Notes to the pro forma consolidated financial statements
June 30, 2010
(Unaudited)
(Expressed in thousands of U.S. dollars, unless otherwise noted)
5. Thompson Creek shares outstanding and income (loss) per share
The average number of shares used in the computation of pro forma basic and diluted income (loss) per share has been determined as follows:
| | June 30, | | December 31, | |
| | 2010 | | 2009 | |
Basic | | | | | |
Weighted average shares outstanding for the period | | 139,710,570 | | 127,520,752 | |
Issued to acquire Terrane | | 24,151,605 | | 24,151,605 | |
Pro forma basic weighted average shares of Thompson Creek | | 163,862,175 | | 151,672,357 | |
Diluted | | | | | |
Weighted average shares outstanding for the period | | 147,600,301 | | 127,520,752 | |
Issued to acquire Terrane | | 24,151,605 | | 24,151,605 | |
Dilutive effect of outstanding Terrane share purchase warrants | | 3,291,978 | | — | (1) |
Pro forma diluted weighted average shares of Thompson Creek (US GAAP) | | 175,043,884 | | 151,672,357 | |
Dilutive effect of outstanding Thompson Creek options and warrants | | — | | 3,181,361 | |
Pro forma diluted weighted average shares of Thompson Creek (Canadian GAAP) | | 175,043,884 | | 154,853,718 | |
(1) The Terrane share purchase warrants were not included in the computation of diluted weighted average shares outstanding for the year ended December 31, 2009 because the exercise prices exceeded the average market value of the common shares.
6. US GAAP adjustments to Terrane historical financial statements
(a) Deferred exploration costs
Under Canadian GAAP, exploration expenditures may be capitalized during the search for a commercially mineable body of ore and amortized later during commercial production. Under US GAAP, exploration expenditures can only be deferred subsequent to the determination that economically recoverable proven or probable mineral reserves exist at which time costs incurred to bring the mine into production are capitalized as development costs. Capitalized costs are then amortized on a unit of production basis based on proven and probable reserves. For US GAAP purposes, it was determined that Terrane’s Mt. Milligan property had met the criteria for capitalization of development costs effective January 1, 2010. As of March 31, 2010, Terrane had capitalized a net amount of $39,910 (Cdn$42,327) of exploration expenditures that would be expensed as incurred under US GAAP. Exploration costs in the six month period ended June 30, 2010 and twelve month period ended December 31, 2009 approximated $730 (Cdn$755) and $5,994 (Cdn$6,809), respectively.
9
Thompson Creek Metals Company Inc.
Notes to the pro forma consolidated financial statements
June 30, 2010
(Unaudited)
(Expressed in thousands of U.S. dollars, unless otherwise noted)
6. US GAAP adjustments to Terrane historical financial statements (continued)
(b) Flow-through common shares
Under Canadian GAAP, Terrane accounts for the issuance of flow-through common shares using the deferral method.
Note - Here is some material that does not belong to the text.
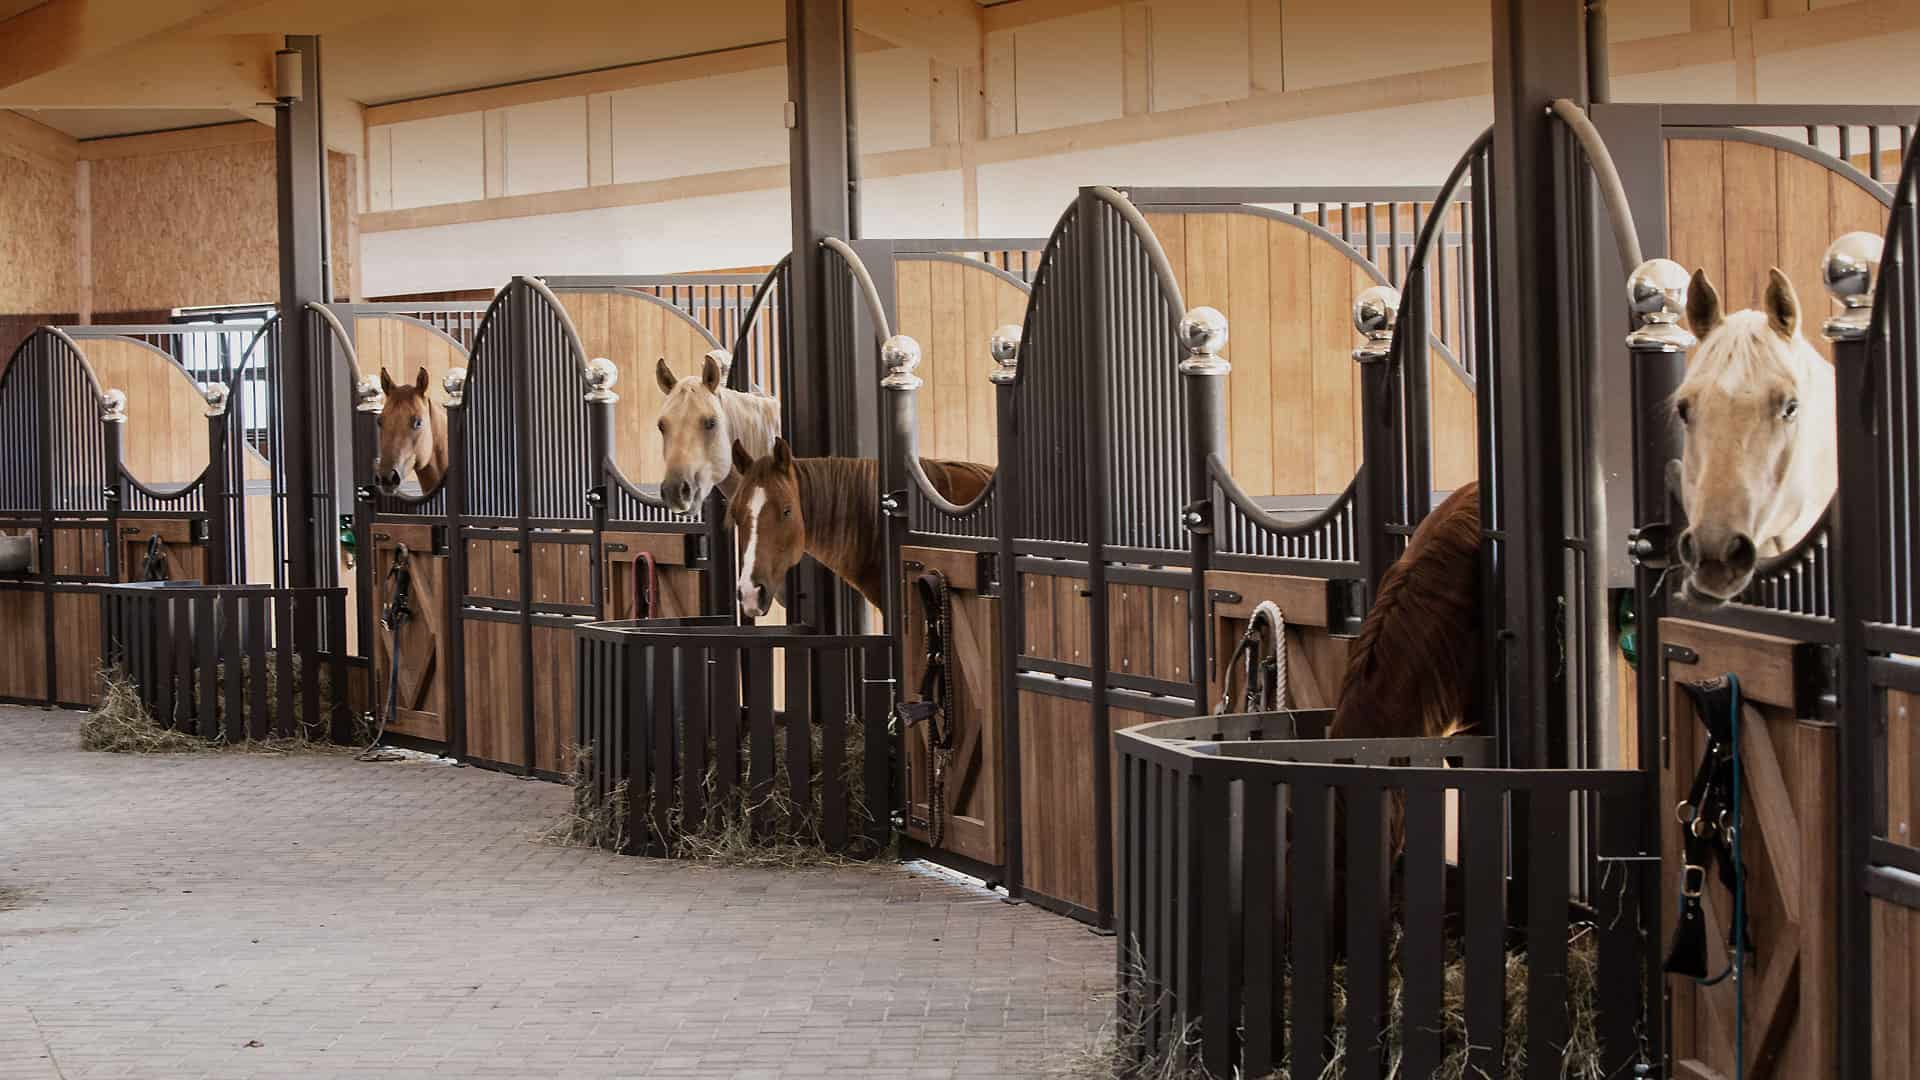 Sechs Pferdeboxen mit Pferden im Pferdestall

Under US GAAP, the flow-through funds which are unexpended at the balance sheet date are considered to be restricted cash and are not considered to be cash or cash equivalents. As of March 31, 2010, Terrane had no restricted cash related to flow-through funds.
Under Canadian GAAP, flow-through common shares are recorded at face value, being the net cash received for the flow-through shares. The related future tax liability is established for the tax effect of the difference between the tax basis and the book basis of the assets when renounced and is recorded as a reduction of share capital. Under US GAAP, the proceeds from the offering must be allocated between the sale of the shares and the sale of the tax benefit. The allocation for proceeds is made based on the difference between the quoted market price of the flow-through shares and the amount an investor pays for the flow-through shares. A liability is established for this difference that is reversed upon renunciation of the tax benefit. At March 31, 2010, the cumulative impact of the loss on flow-through shares is $470 (Cdn$498). For the twelve month period ended December 31, 2009, the Company has recorded a loss of $242 (Cdn$275) on the renouncement of flow-through shares.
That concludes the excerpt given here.